Waves large enough to cover a ship on a small lake in a short time could only have been generated by a tremendously powerful wind, and such a wind would require a mighty complex of forces in the atmosphere, triggered by the sun itself. Furthermore, even when the wind dies down, the waves will continue for a time. But suddenly both ceased at once, and “there was a great calm” (v.26). No known natural force could have produced such a phenomenon, yet there it was.

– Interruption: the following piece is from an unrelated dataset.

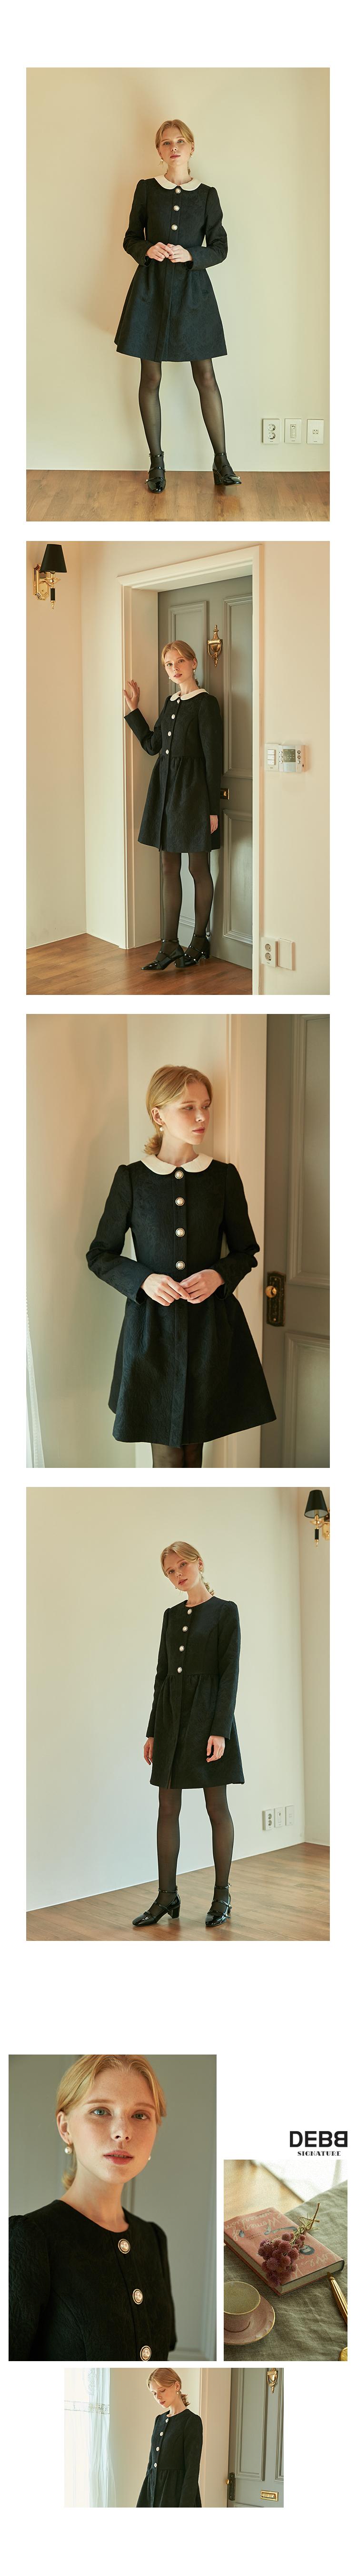 뎁(DEBB) [DEBB Signature][DACMA3001M] 블랙 자카드 드레스 자켓

A man had simply spoken a word: “Peace, be still” (Mark 4:39). How could He control the sea? “The sea is His, and He made it” (Psalm 95:5)—that is how! And what about the stormy wind? God Himself “bringeth the wind out of His treasuries” (Psalm 135:7), even when need be, the “stormy wind fulfilling His word” (Psalm 148:8).
God can use the storms of life to cause us to call on Him for deliverance. “For He commendeth, and raiseth the stormy wind, which lifteth up the waves thereof. . . . Then they cry unto the LORD in their trouble, and He bringeth them out of their distresses. He maketh the storm a calm, so that the waves thereof are still” (Psalm 107:25,28,29).
What manner of man can do such things? Only the God/Man, Jesus Christ. He is the omnipotent, living word, the “Creator of the ends of the earth” (Isaiah 40:28). It is He by whom “were all things created,” and it therefore follows that “by Him all things consist” (Colossians 1:16,17). “For in Him we live, and move, and have our being” (Acts 17:28).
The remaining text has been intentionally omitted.